Kritik in der Ampel an Sicherheitspaket: Mit Sicherheit gibt’s Ärger

Die Regierung wollte schnell sein. Daraus wird jedoch nichts. Denn es hagelt Kritik – von Fachleuten und aus den Fraktionen.

Jan Dieren im Hemd und Jackett

Es gibt noch SPD-Politiker, die das Recht auf Asyl achten: Jan Dieren im Bundestag Foto: Hannes P. Albert/dpa

Berlin taz | Eigentlich sollte es ganz schnell gehen. Bestenfalls schon diesen Donnerstag wollte die SPD-Fraktion das nach dem Solingen-Attentat fix geschnürte Sicherheitspaket im Bundestag final verabschieden. Dazu wird es nun nicht kommen, das Vorhaben ist bis mindestens Oktober aufgeschoben. Denn es hagelte am Montag bei einer Ex­per­t*in­nen­an­hö­rung im Parlament Kritik an den Maßnahmen. Und auch in den Ampelfraktionen wird diese immer lauter – auch in der SPD.

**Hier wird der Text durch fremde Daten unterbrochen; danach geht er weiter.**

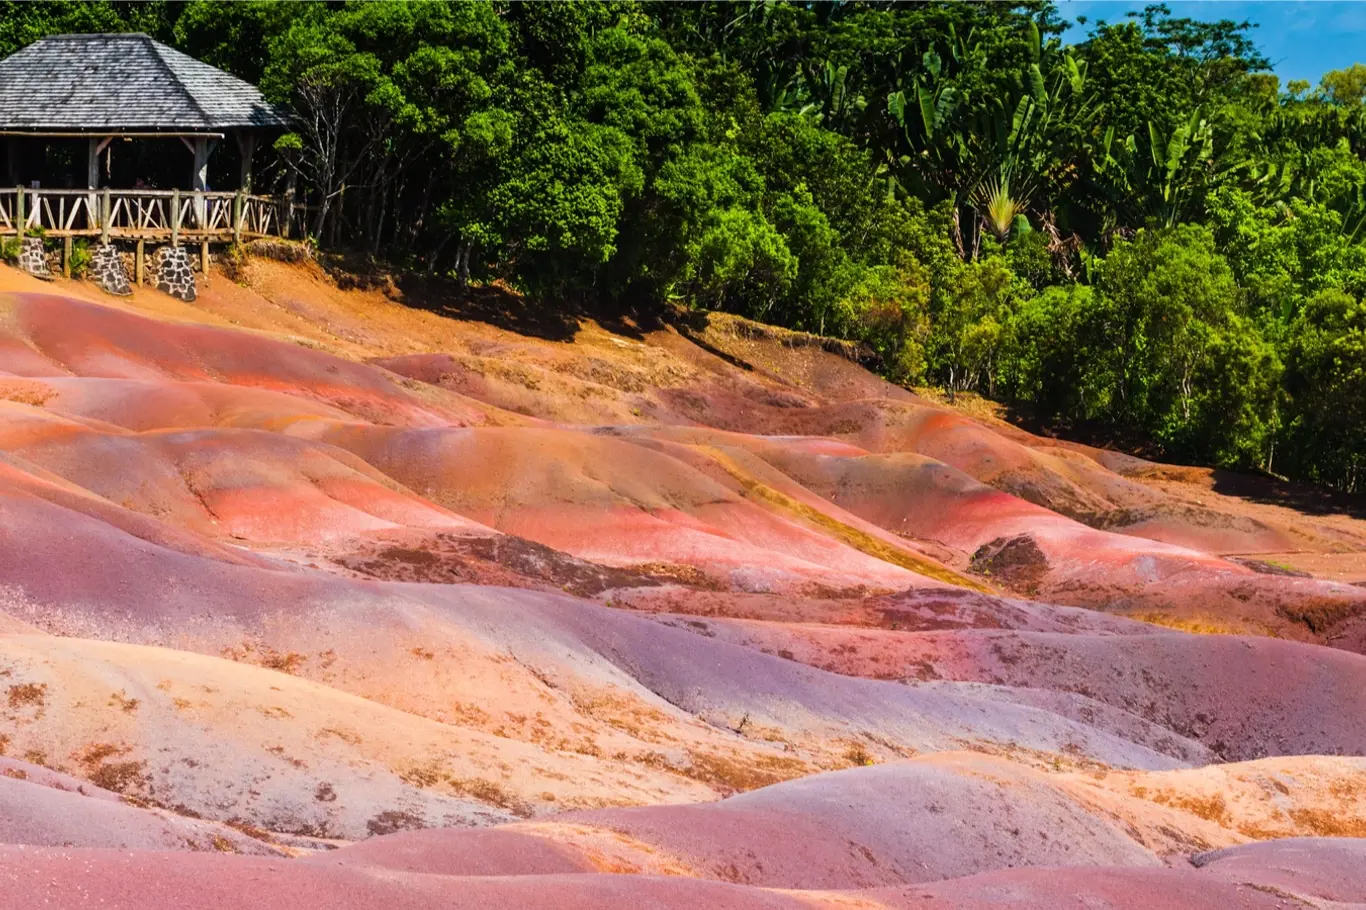 Sedmibarevná země: tajemství barevného lávového písku na Mauriciu odhaleno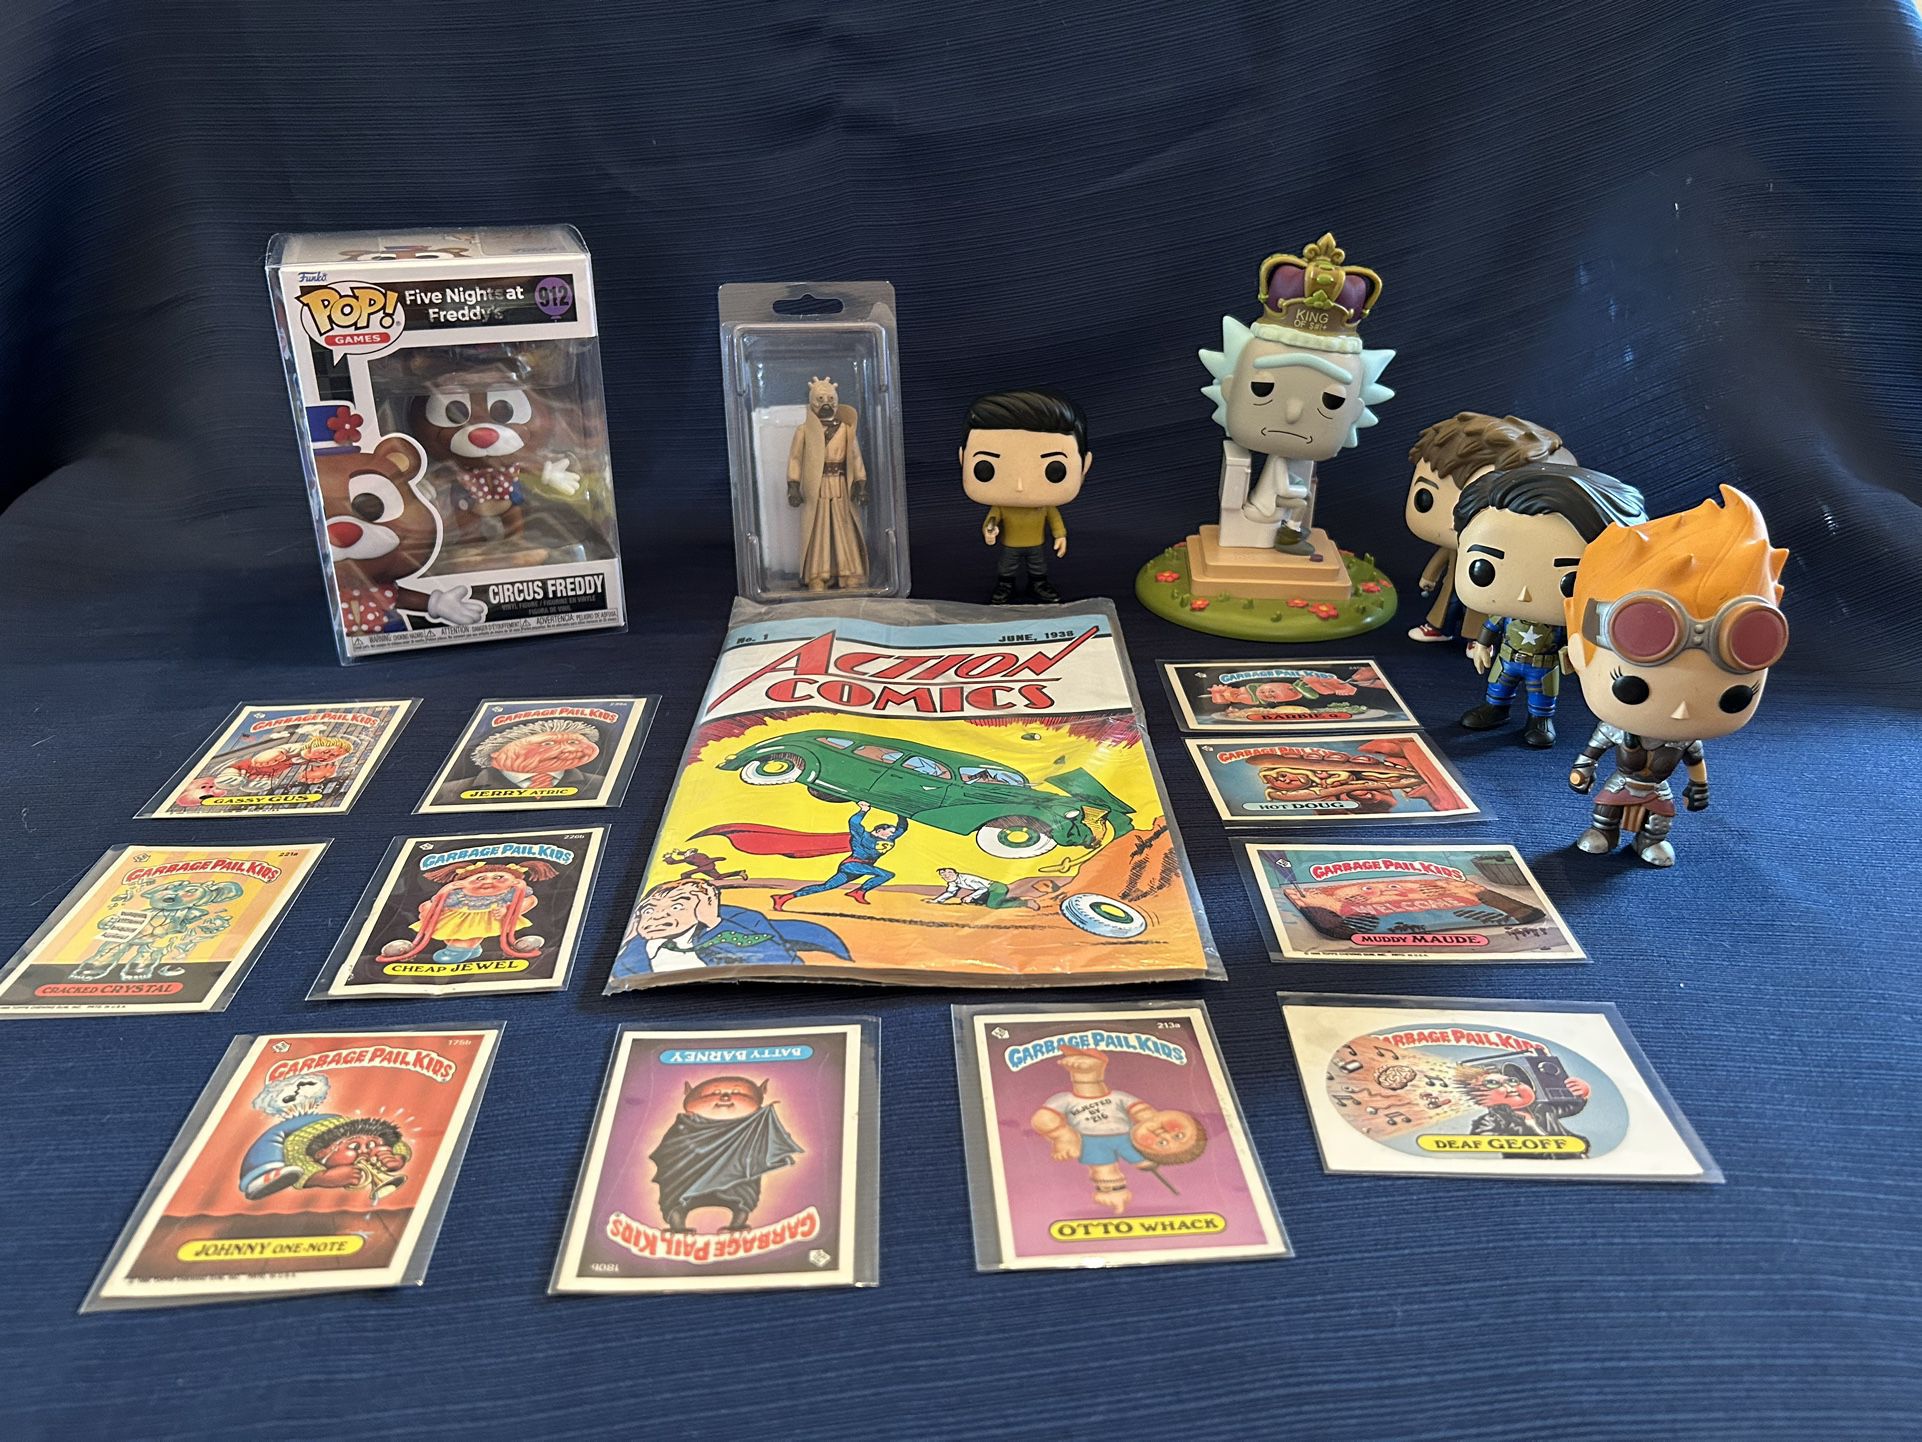 Pop Culture Collectibles Bundle: Funko Pops Cpt Kirk, Star Wars Action Figure, Garbage Pail Kids Cards,Cert Of Authenticity Action Vintage Comics

„So wie das sogenannte Sicherheitspaket jetzt ist, darf es nicht bleiben“, sagte der SPD-Abgeordnete Jan Dieren der taz. „Viele der diskutierten Maßnahmen sind nicht nur überzogen, sie schaffen auch einen Zusammenhang, wo keiner ist. Statt über islamistischen Terror zu reden, verschärfen wir jetzt irrational die Migrationspolitik“, so Dieren, der auch Vorsitzender der linken SPD-Gruppe DL21 ist. „Das ist fatal für die gesellschaftliche Debatte und es spielt nur einen in die Hände: den ganz Rechten. Wir geraten da in eine sehr gefährliche Spirale.“

Mit dem Sicherheitspaket will die Ampel nach Solingen Härte zeigen, vor allem Kanzler Olaf Scholz macht Druck. Dieren hält einige Punkte, wie die Stärkung der Islamismusprävention oder einzelne Verschärfungen des Waffenrechts, für sinnvoll. An anderen übt er scharfe Kritik: Leistungskürzungen für Dublin-Geflüchtete, grenznahe Inhaftierungen, Ausweisungen nach Syrien oder Afghanistan, anlasslose Kontrollmöglichkeiten für die Polizei oder einen biometrischen Abgleich von Internetdaten, um Geflüchtete zu identifizieren. „Jeder dieser Punkte ist falsch und maßlos“, so Dieren. „Für die Tat eines Einzelnen werden die Rechte einer ganzen Gruppe, der Geflüchteten, pauschal beschnitten. Wenn wir uns darauf einmal einlassen, dann wird bei zukünftigen Taten die Schraube immer weiter gedreht. Dem müssen wir Einhalt gebieten.“

„Enorme Belastung für Kommunen“

Und Dieren ist nicht allein. Auch seine SPD-Mitabgeordnete Annika Klose teilt die Kritik. „Statt nach Solingen die Islamismusprävention beherzt anzugehen, mit einem Demokratiefördergesetz oder Investitionen in Jugendarbeit, setzt das Sicherheitspaket auf das Thema Migration. Noch dazu mit unausgegorenen Maßnahmen, die auch rechtlich fraglich sind“, so Klose zur taz. So könnten die Leistungskürzungen für Dublin-Geflüchtete dazu führen, dass diese nach kurzer Zeit auf der Straße landen, sich in Notunterkünften und Tafeln wiederfinden. „Das kann niemand wollen und das wäre auch eine enorme Belastung der Kommunen. Dieser Punkt darf so nicht kommen.“

Auch die AG Migration in der SPD geht auf die Barrikaden, nennt das Sicherheitspaket in einem aktuellen Papier „rechtlich fragwürdig“. Es stehe „auch im Widerspruch zu den sozialdemokratischen Werten von Gerechtigkeit, Solidarität und Menschenwürde“. „Die Maßnahmen haben mit Solingen kaum noch etwas zu tun, stellen aber eine ganze Bevölkerungsgruppe unter Generalverdacht und dürften einiges Chaos in den Behörden verursachen“, kritisiert der Vorsitzende Aziz Bozkurt, der Staatssekretär in der Berliner Landesregierung ist.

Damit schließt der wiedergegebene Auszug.